Boundary worth difficulties is a translation from the Russian of lectures given at Kazan and Rostov Universities, facing the speculation of boundary price difficulties for analytic capabilities.

The emphasis of the ebook is at the answer of singular imperative equations with Cauchy and Hilbert kernels. even supposing the booklet treats the speculation of boundary price difficulties, emphasis is on linear issues of one unknown functionality. The definition of the Cauchy style imperative, examples, restricting values, habit, and its central worth are defined.
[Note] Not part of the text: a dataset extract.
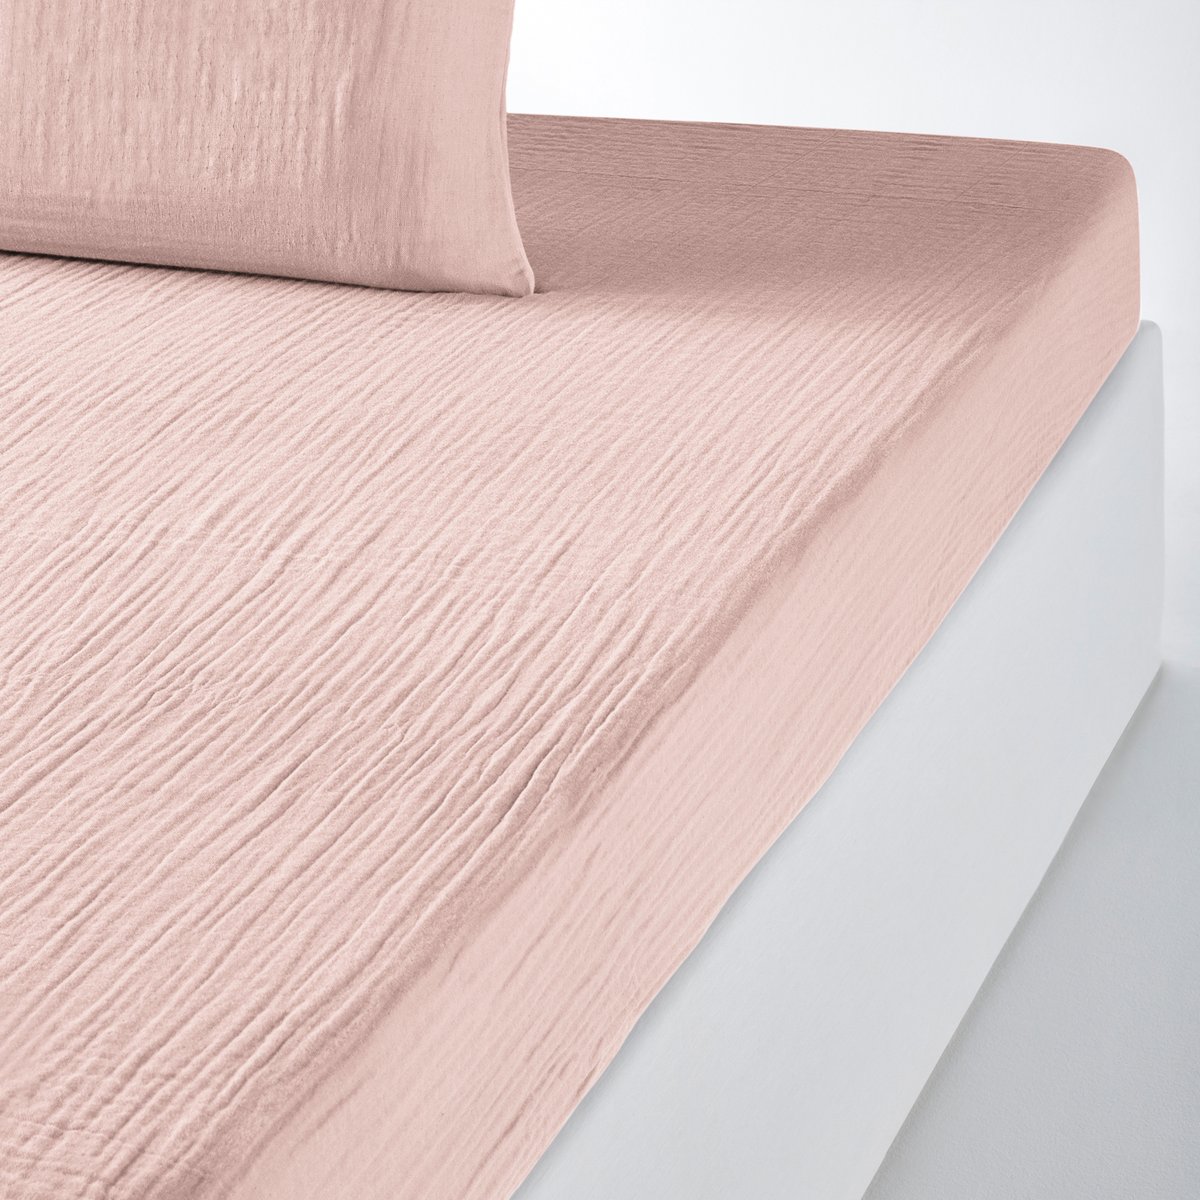 Простыня натяжная однотонная из хлопчатобумажной газовой ткани Snow 90 x 190 см розовый штора с панелями из хлопчатобумажной газовой ткани griotte 260 x 140 см розовый

The Riemann boundary worth challenge is emphasised in contemplating the speculation of boundary worth difficulties of analytic services. The publication then analyzes the appliance of the Riemann boundary worth challenge as utilized to singular imperative equations with Cauchy kernel. A moment basic boundary price challenge of analytic features is the Hilbert challenge with a Hilbert kernel; the appliance of the Hilbert challenge is additionally evaluated. using Sokhotskis formulation for sure necessary research is defined and equations with logarithmic kernels and kernels with a vulnerable strength singularity are solved. The chapters within the ebook all finish with a few old briefs, to offer a history of the problem(s) mentioned.

The publication should be very invaluable to mathematicians, scholars, and professors in complex arithmetic and geometrical services.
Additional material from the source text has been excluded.